# Ron Jeremy says violent video games 'worse' than porn



## Kid_Eternity (Jan 12, 2010)

I believe I have really seen and read it all now!



> *Violent video games have "a much bigger negative influence on kids" than pornography, a leading porn star has claimed.*
> 
> He said parents should be more worried about the harmful effects of such games.
> 
> ...


I keep hearing about these mythical studies but as yet not one of the critics of video games seems able to cite one properly...


----------



## dlx1 (Jan 12, 2010)

well my next giro I be spending on a Xbox game then your latest DVD Mr Jeremy.


----------



## maomao (Jan 12, 2010)

Not sure I trust the opinion of a man who's greatest claim to fame is he can suck his own willy.


----------



## audiotech (Jan 12, 2010)

An idiot, who clearly has a problem deciding what's real, or not.


----------



## Cloud (Jan 28, 2010)

Firstly. RJ is a pro porn star it is his living, he earns his money from it so lets get that little fact out of the way:

Violent video games are, as an avid player of such genre, generally leaning people to gun glorification simply because the bigger gun you have = much reward. Also who th fuck heard of an mp5 before counter strike - you get the message?
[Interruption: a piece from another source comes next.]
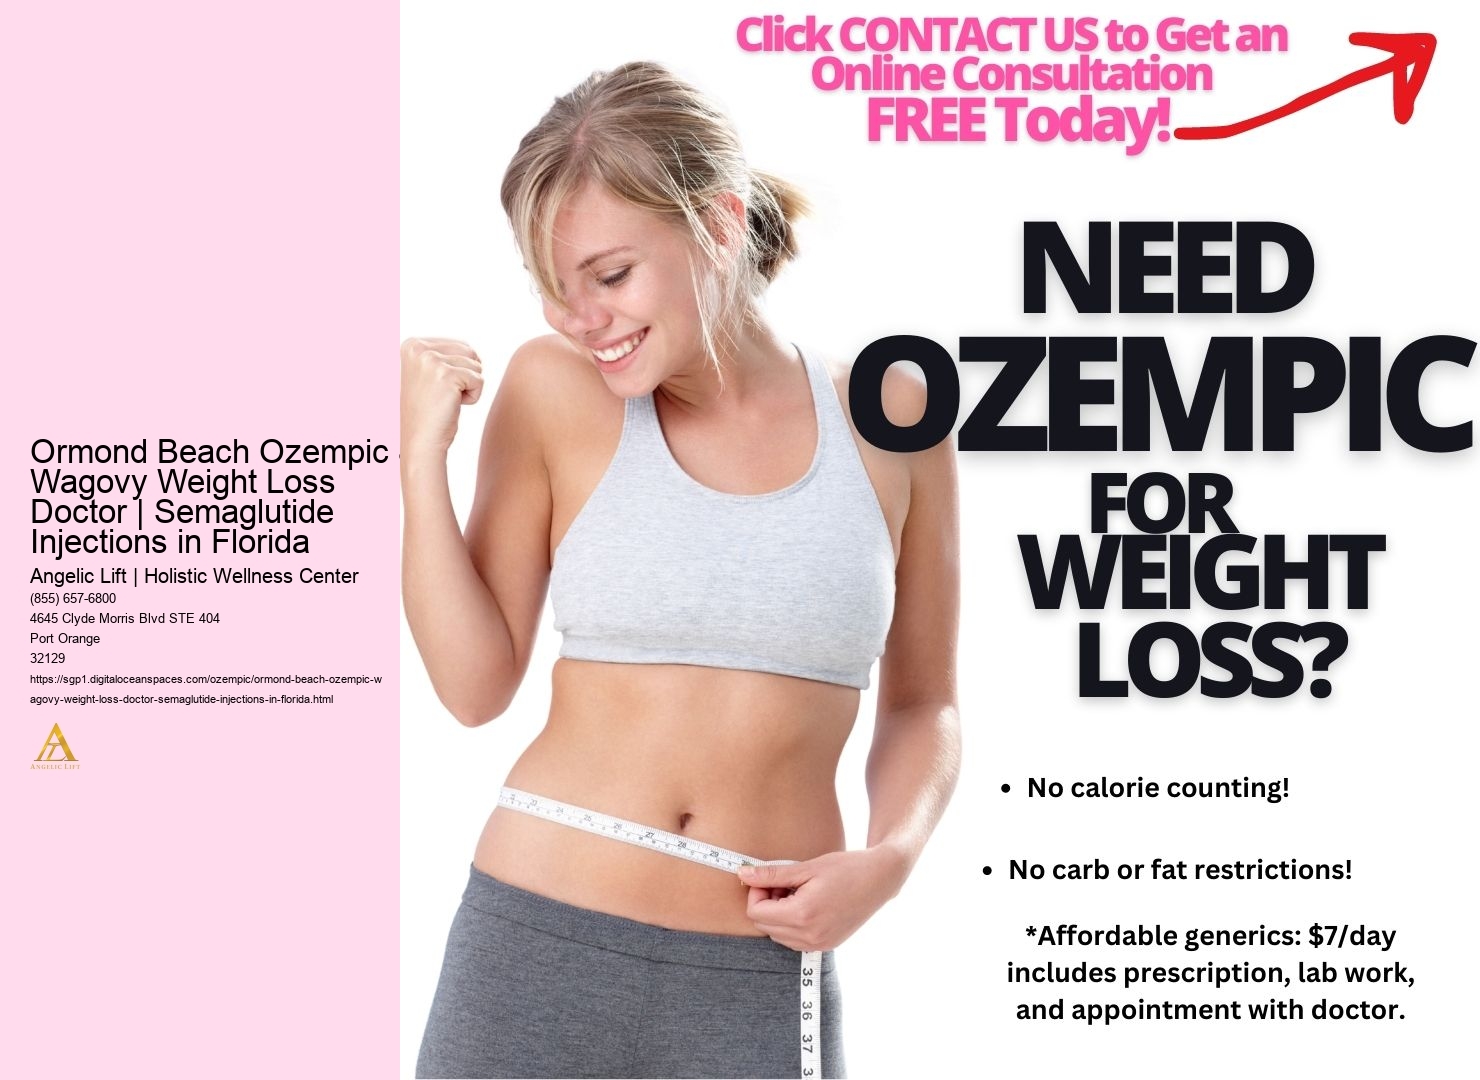 Ormond Beach Ozempic & Wagovy Weight Loss Doctor | Semaglutide Injections in Florida
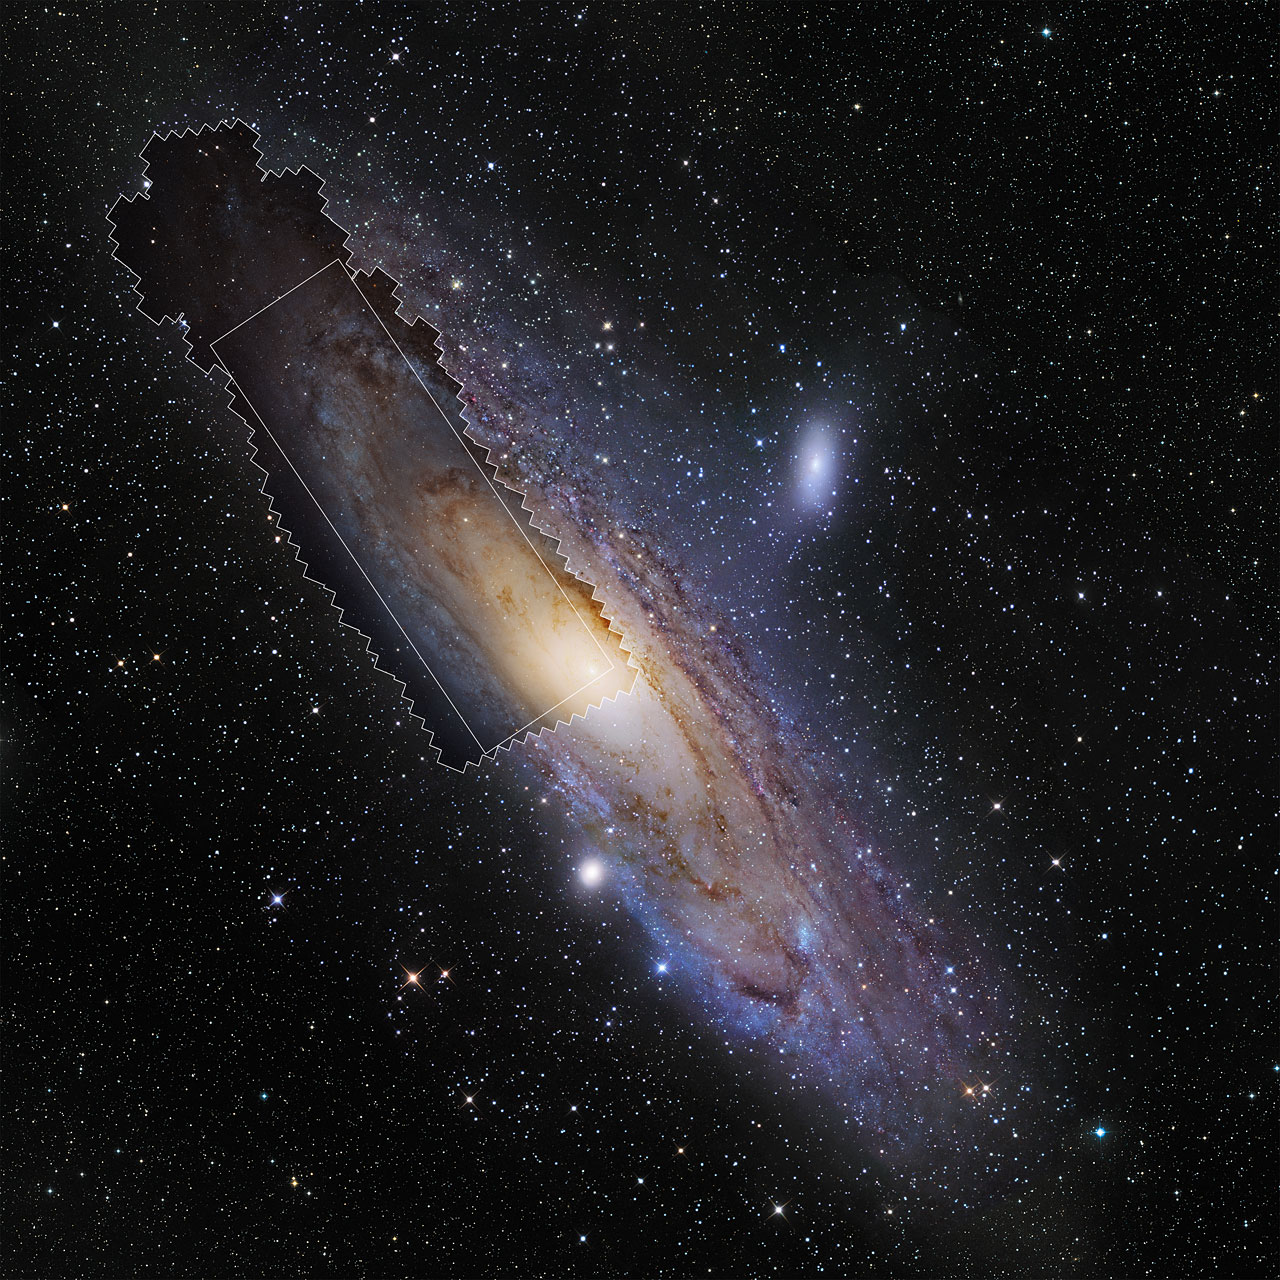 Wide-field view of the Andromeda Galaxy showing the extent of th

Porn however is in totally different genre, people get abused yet people dont generally die as in from gun crime.

I conclude that both industies are smut and tbh I'm glad RJ brought it up!


----------



## Kid_Eternity (Jan 28, 2010)

Seriously, which would you do on the train to work, watch porn or play a game?


----------



## FridgeMagnet (Jan 28, 2010)

Cloud said:


> who th fuck heard of an mp5 before counter strike



Anybody who watched action films, read spy and military novels...?


----------



## phildwyer (Jan 28, 2010)

Kid_Eternity said:


> Seriously, which would you do on the train to work, watch porn or play a game?



If one chooses to define one's personal morality by social norms, that's a good argument.  Trouble is, only a wanker would do that.

Ron Jeremy is a fat bastard, but that's all I have against him.


----------



## TrippyLondoner (Jan 29, 2010)

Kid_Eternity said:


> I believe I have really seen and read it all now!
> 
> I keep hearing about these mythical studies but as yet not one of the critics of video games seems able to cite one properly...



Its about time we had another ' violent video games are evvillll' article though, been too long since the last!


----------



## Kid_Eternity (Jan 29, 2010)

TrippyLondoner said:
			
		

> Its about time we had another ' violent video games are evvillll' article though, been too long since the last!



It really hasn't, anti games pieces appear almost weekly...


----------



## TrippyLondoner (Jan 29, 2010)

Kid_Eternity said:


> It really hasn't, anti games pieces appear almost weekly...



Was being sarcastic.


----------



## HobgoblinMan (Jan 29, 2010)

Kid_Eternity said:


> Seriously, which would you do on the train to work, watch porn or play a game?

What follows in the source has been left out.